Download or read book The Cultural Origins of Human Cognition written by Michael Tomasello and published by Harvard University Press. This book was released on 2015-08-01 with total page 257 pages. Available in PDF, EPUB and Kindle. Book excerpt: Ambitious and elegant, this book builds a bridge between evolutionary theory and cultural psychology. Michael Tomasello is one of the very few people to have done systematic research on the cognitive capacities of both nonhuman primates and human children. The Cultural Origins of Human Cognition identifies what the differences are, and suggests where they might have come from. Tomasello argues that the roots of the human capacity for symbol-based culture, and the kind of psychological development that takes place within it, are based in a cluster of uniquely human cognitive capacities that emerge early in human ontogeny. These include capacities for sharing attention with other persons; for understanding that others have intentions of their own; and for imitating, not just what someone else does, but what someone else has intended to do. In his discussions of language, symbolic representation, and cognitive development, Tomasello describes with authority and ingenuity the "ratchet effect" of these capacities working over evolutionary and historical time to create the kind of cultural artifacts and settings within which each new generation of children develops. He also proposes a novel hypothesis, based on processes of social cognition and cultural evolution, about what makes the cognitive representations of humans different from those of other primates. Lucid, erudite, and passionate, The Cultural Origins of Human Cognition will be essential reading for developmental psychology, animal behavior, and cultural psychology.

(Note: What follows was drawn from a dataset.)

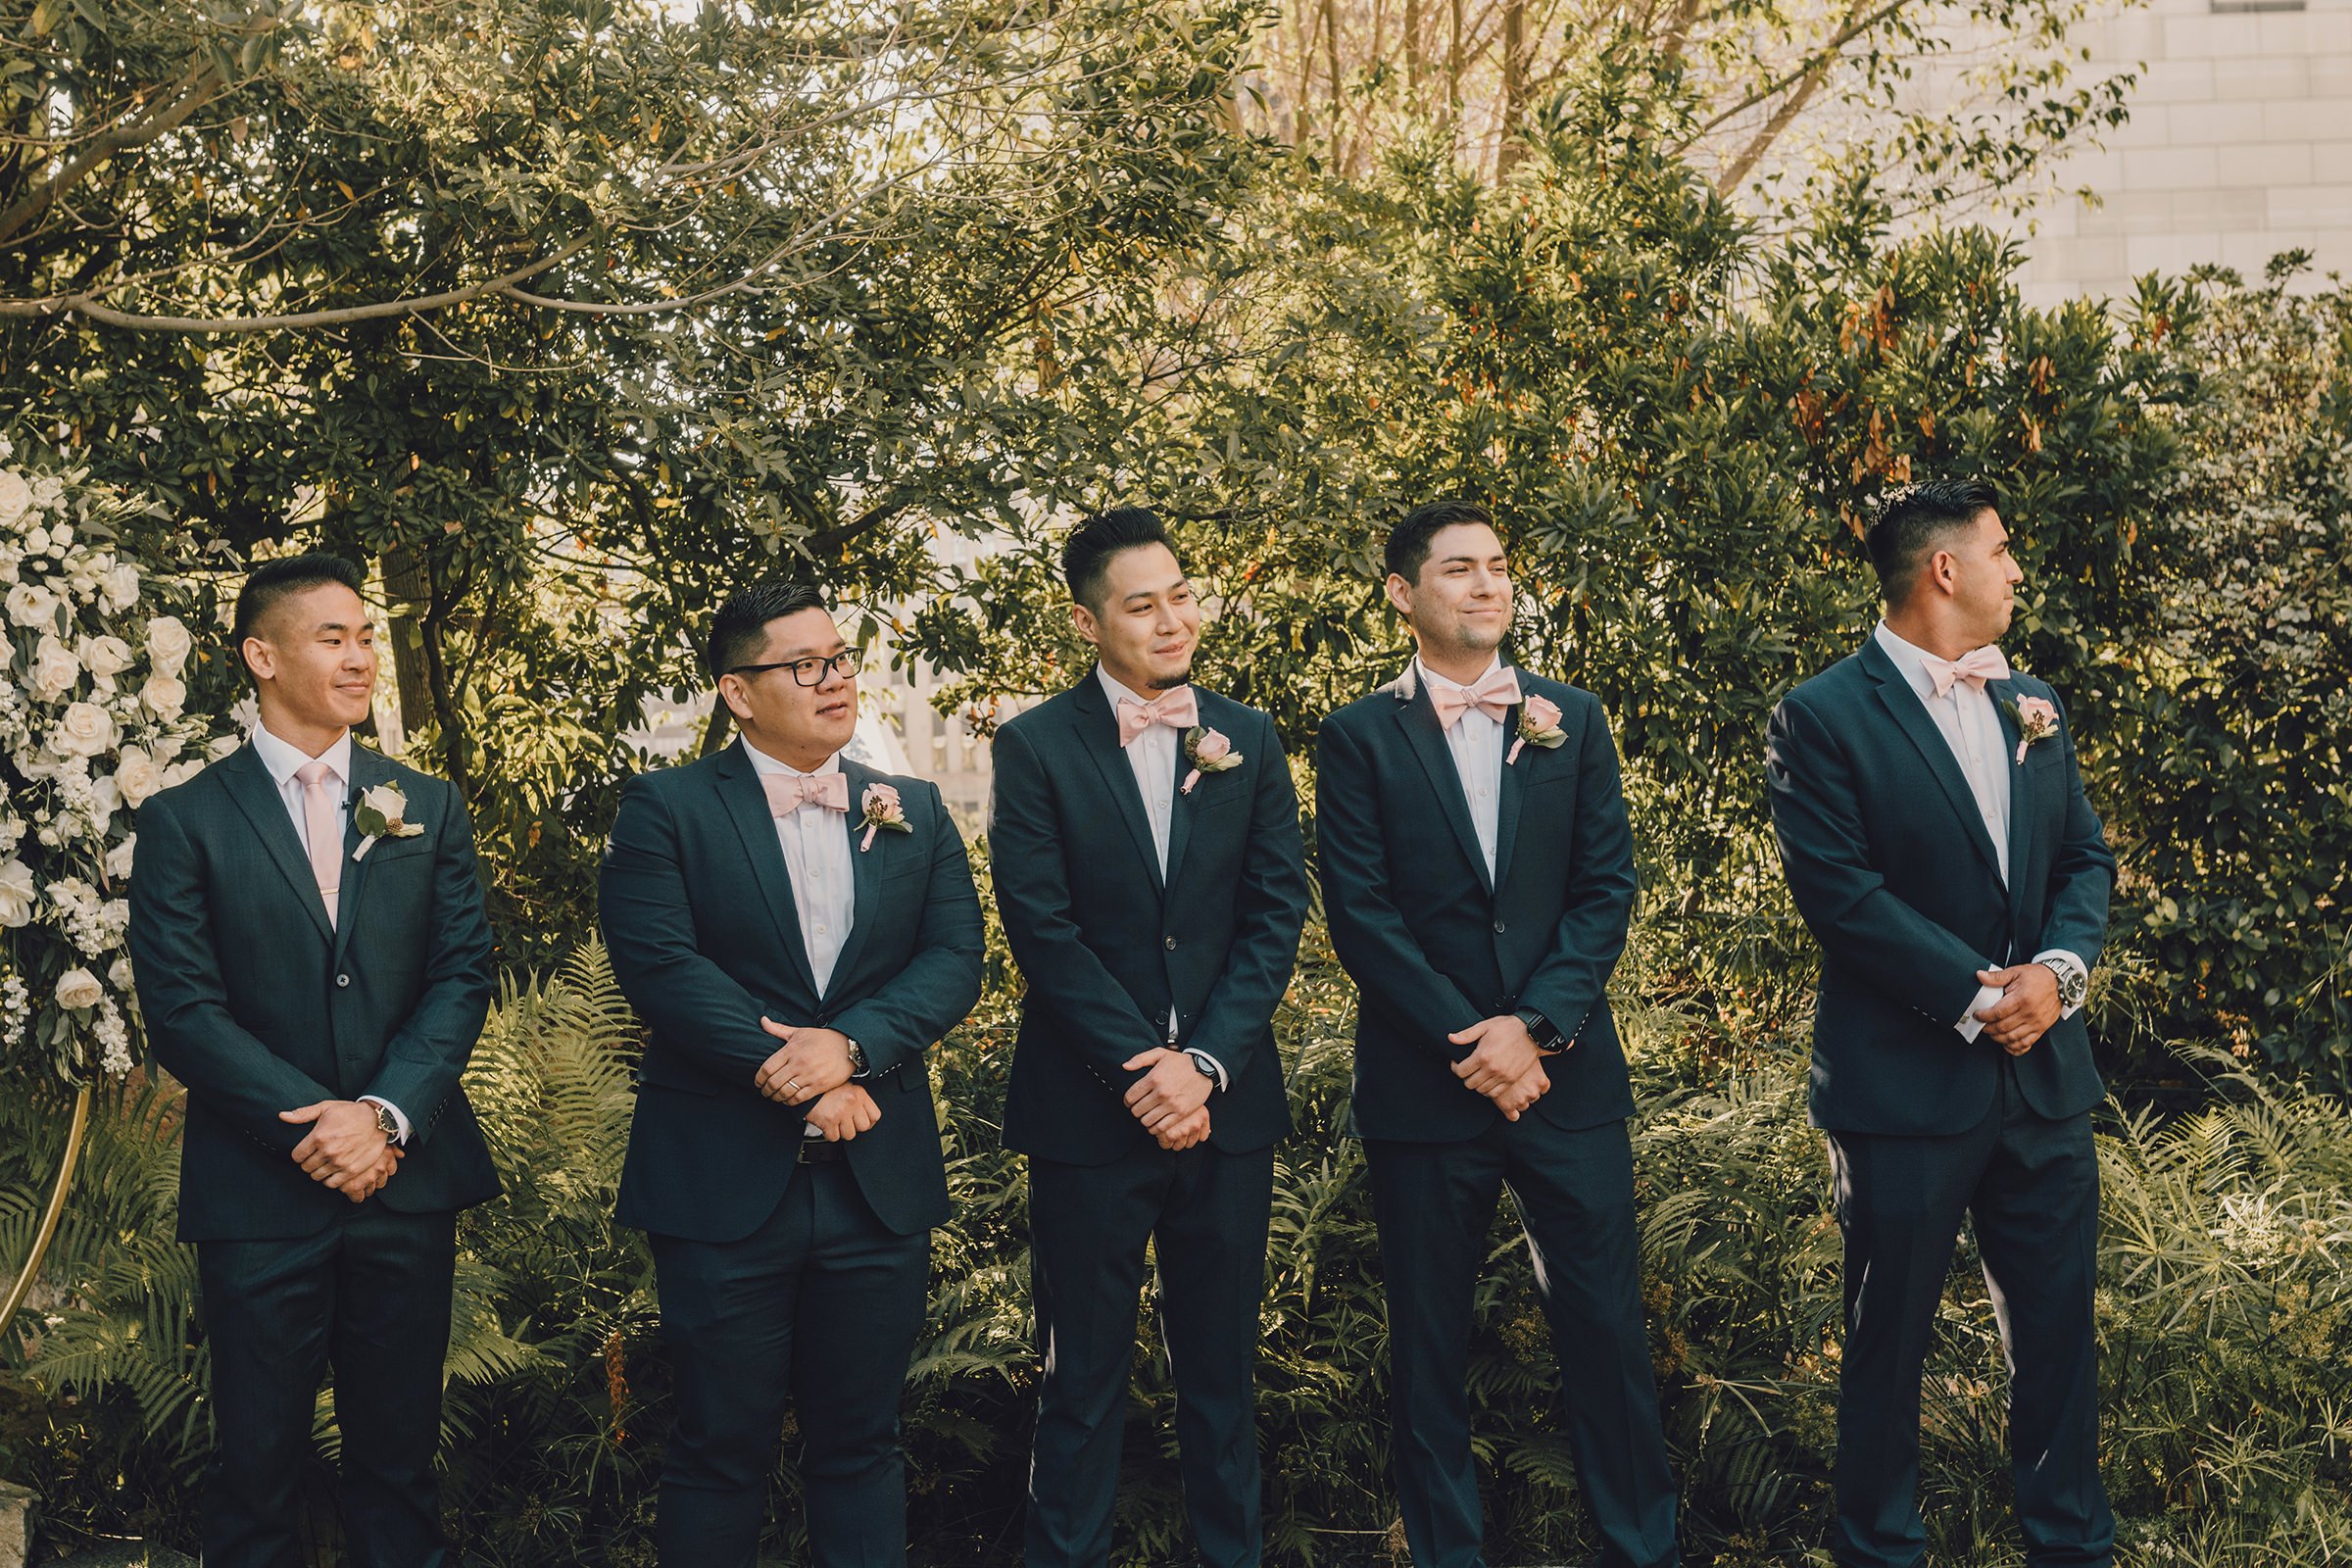 modern-asian-american-wedding-ceremony-los-angeles-socal-photographer-8.jpg

The Handbook of Life-Span Development, Volume 1

The Handbook of Life-Span Development, Volume 1
Author :
Publisher : John Wiley & Sons
Total Pages : 1624
Release :
ISBN-10 : 9780470634356
ISBN-13 : 0470634359
Rating : 4/5 (56 Downloads)

Book Synopsis The Handbook of Life-Span Development, Volume 1 by : Richard M. Lerner

Download or read book The Handbook of Life-Span Development, Volume 1 written by Richard M. Lerner and published by John Wiley & Sons. This book was released on 2010-12-14 with total page 1624 pages. Available in PDF, EPUB and Kindle. Book excerpt: In the past fifty years, scholars of human development have been moving from studying change in humans within sharply defined periods, to seeing many more of these phenomenon as more profitably studied over time and in relation to other processes. The Handbook of Life-Span Development, Volume 1: Cognition, Biology, and Methods presents the study of human development conducted by the best scholars in the 21st century. Social workers, counselors and public health workers will receive coverage of of the biological and cognitive aspects of human change across the lifespan.